Source data
===============

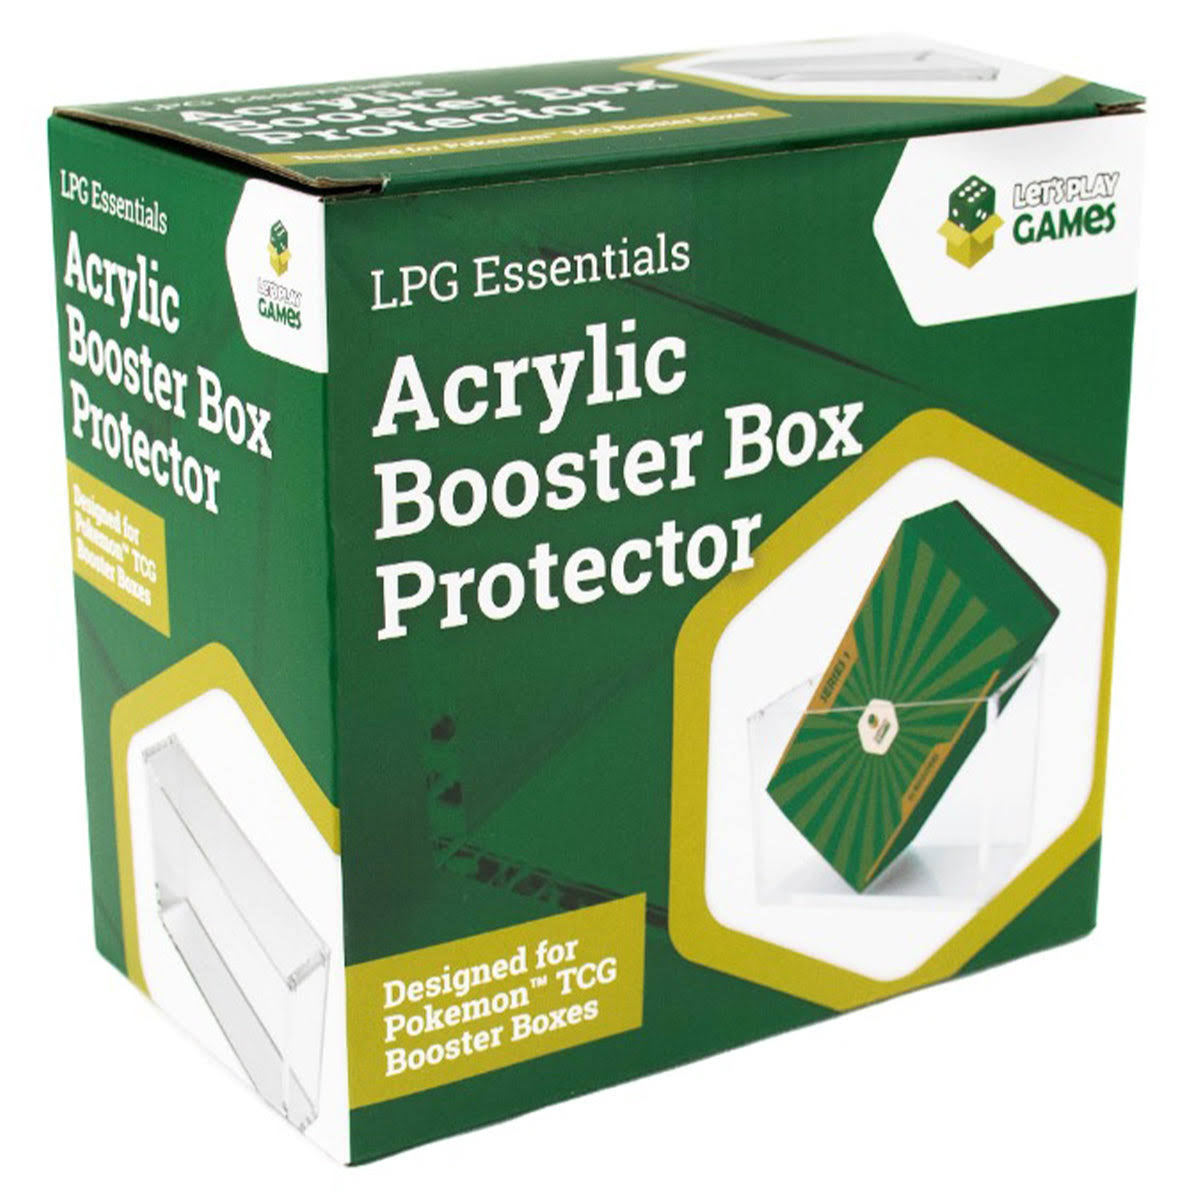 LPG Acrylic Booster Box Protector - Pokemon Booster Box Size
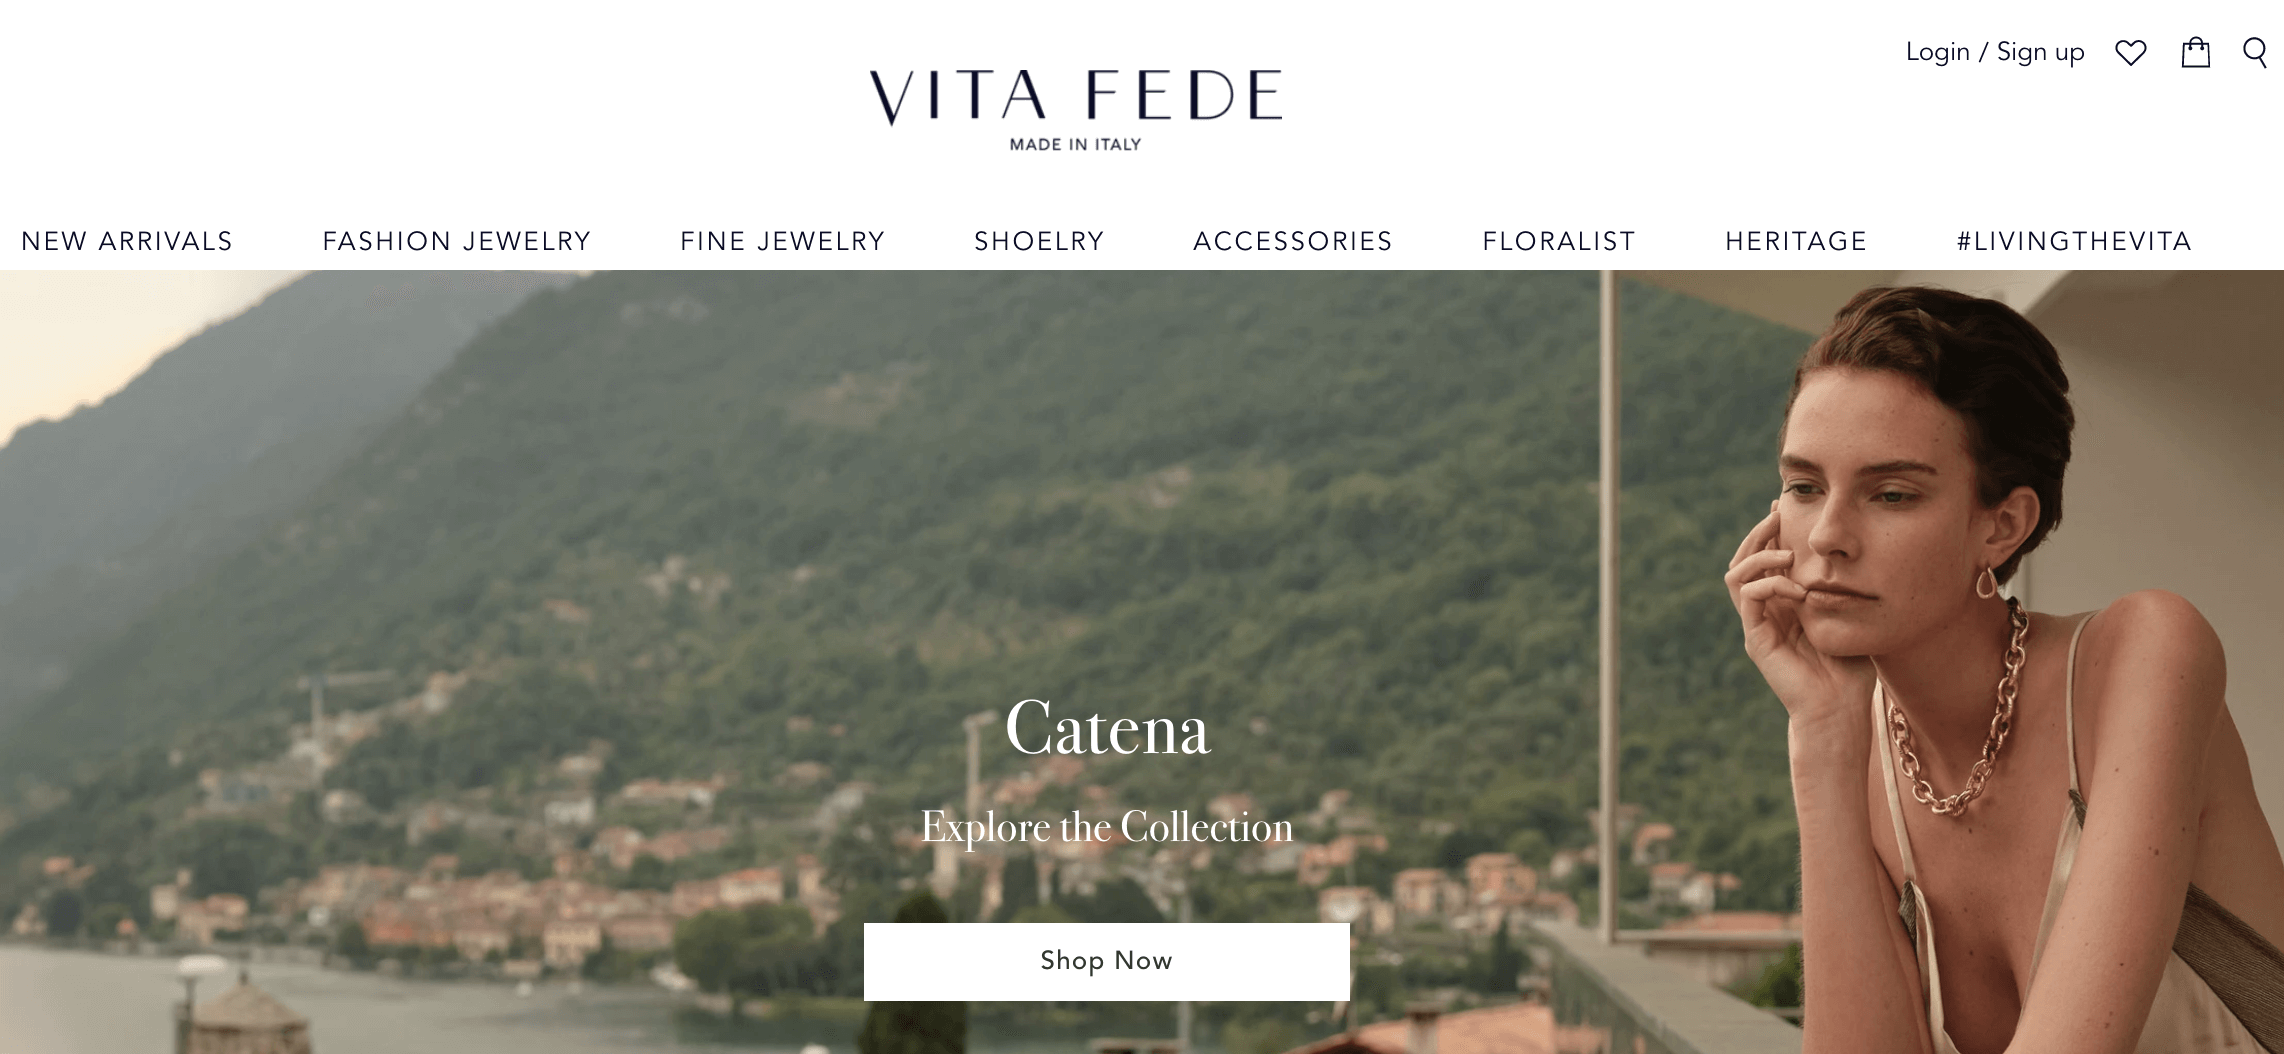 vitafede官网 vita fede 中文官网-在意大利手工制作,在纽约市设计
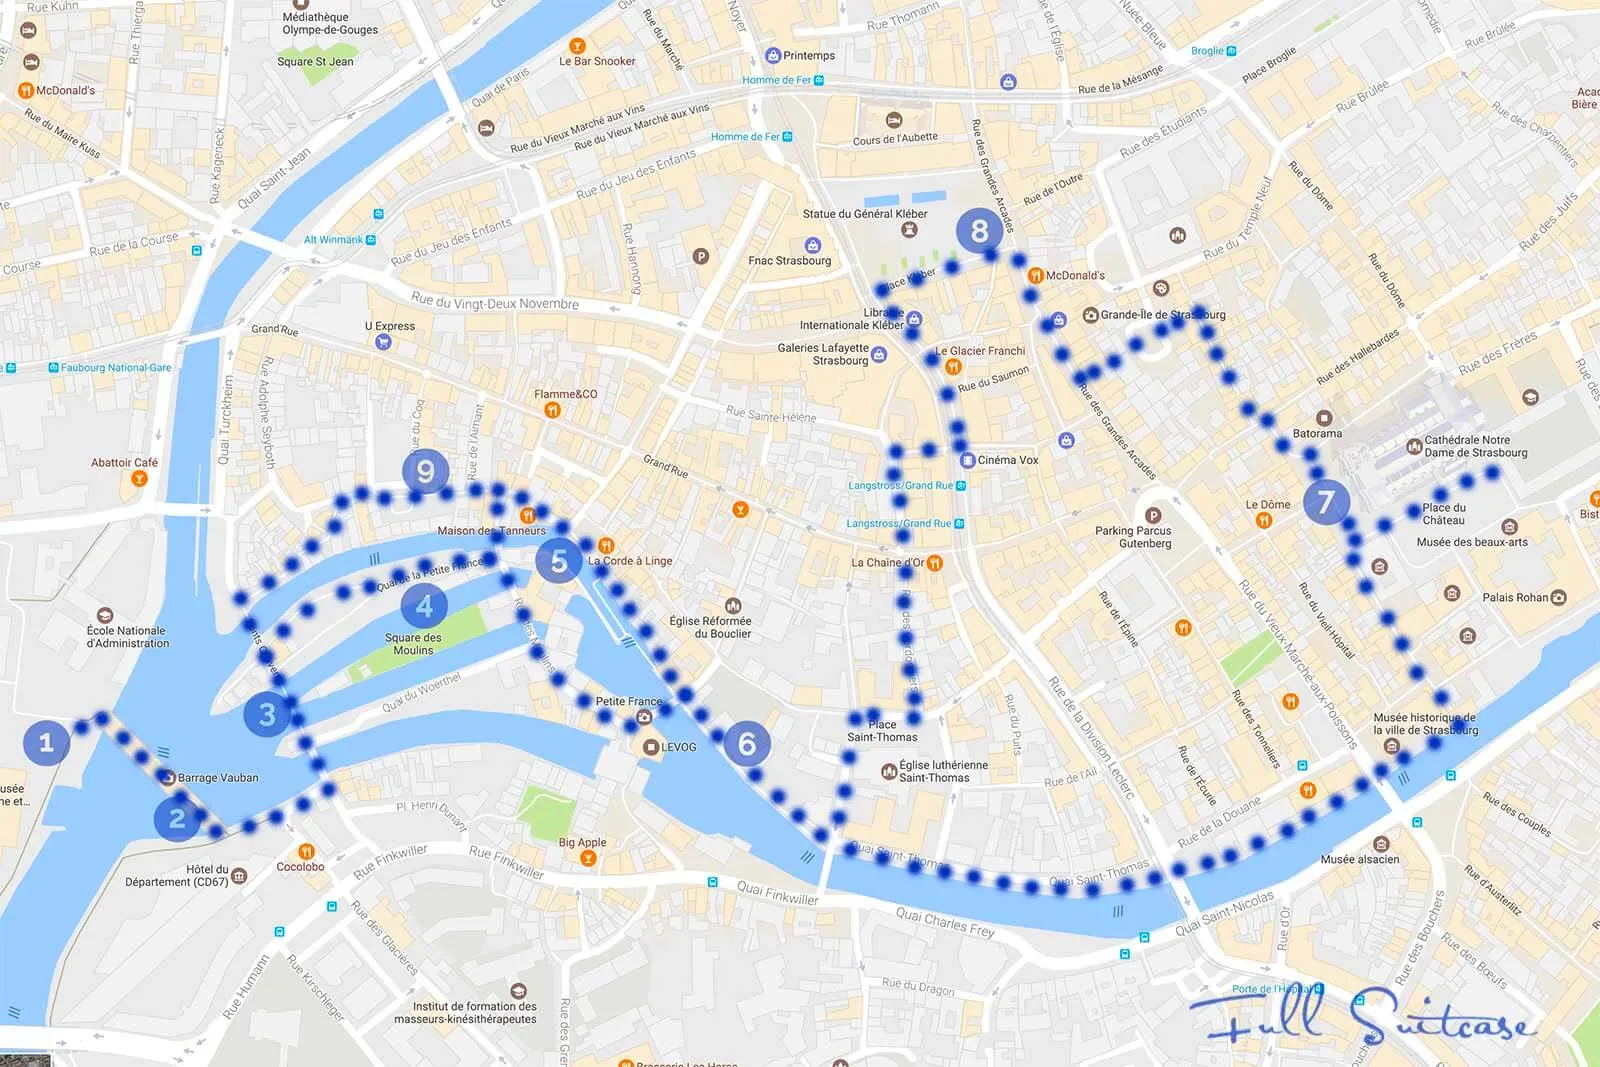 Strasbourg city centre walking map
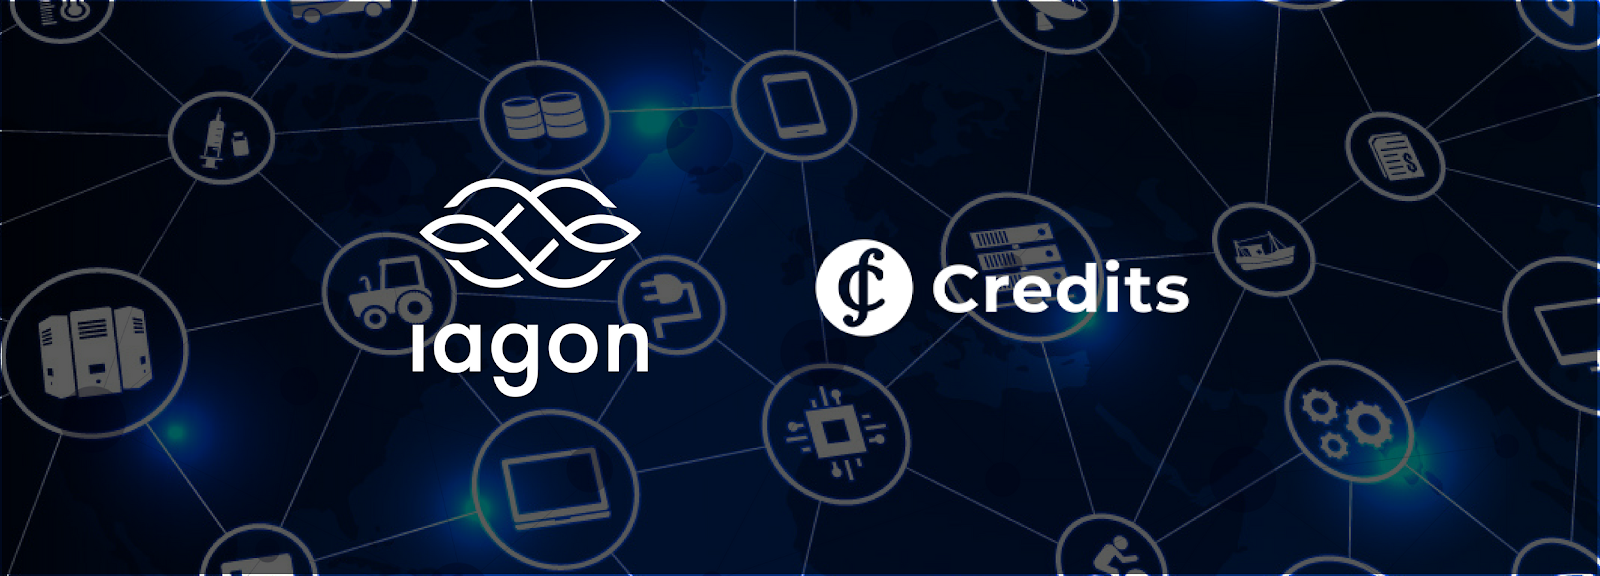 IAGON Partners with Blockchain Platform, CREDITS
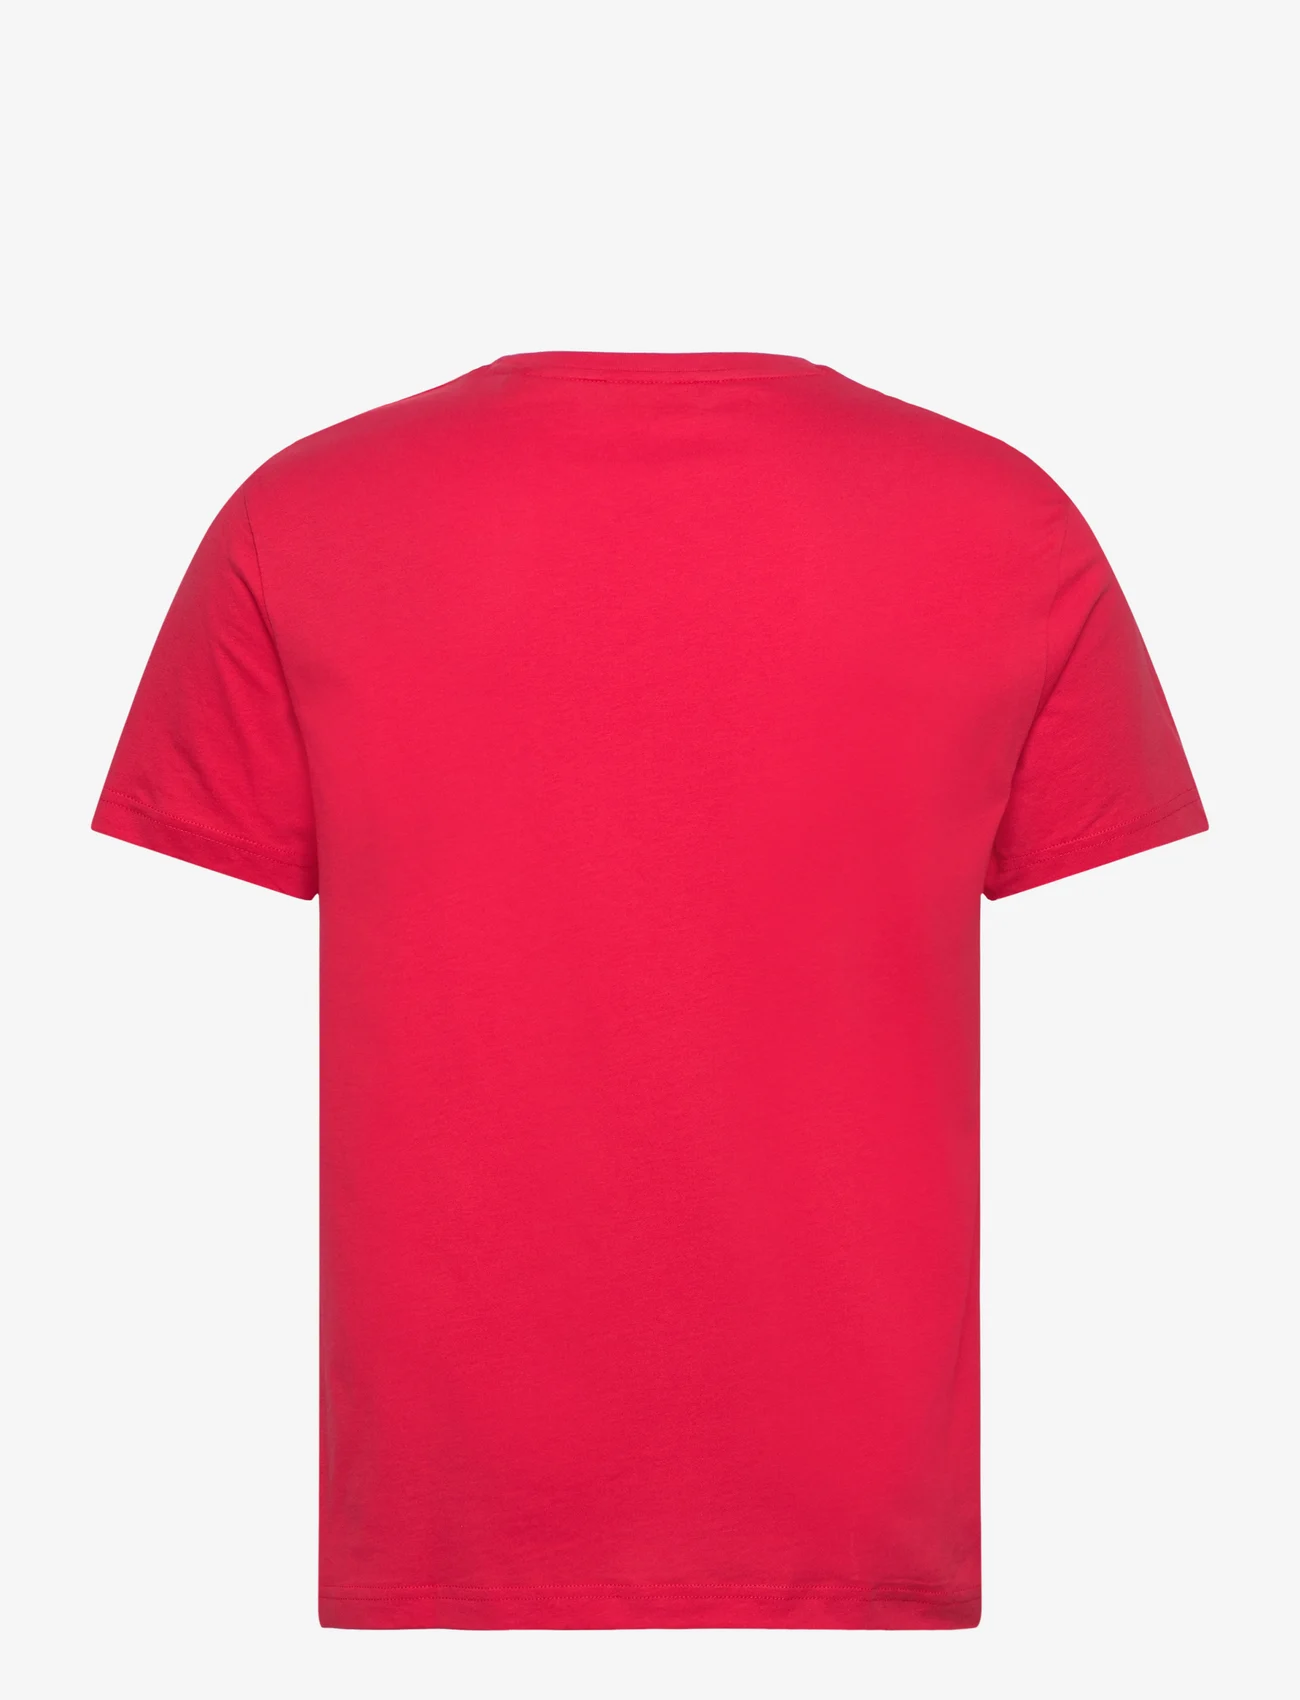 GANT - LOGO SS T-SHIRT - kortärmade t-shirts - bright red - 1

===============

◆ Your task
Restate, word for word, the entries above, dropping any picture.

◆ Reply
 LPG Acrylic Booster Box Protector - Pokemon Booster Box Size
 vitafede官网 vita fede 中文官网-在意大利手工制作,在纽约市设计
 Strasbourg city centre walking map
 IAGON Partners with Blockchain Platform, CREDITS
 GANT - LOGO SS T-SHIRT - kortärmade t-shirts - bright red - 1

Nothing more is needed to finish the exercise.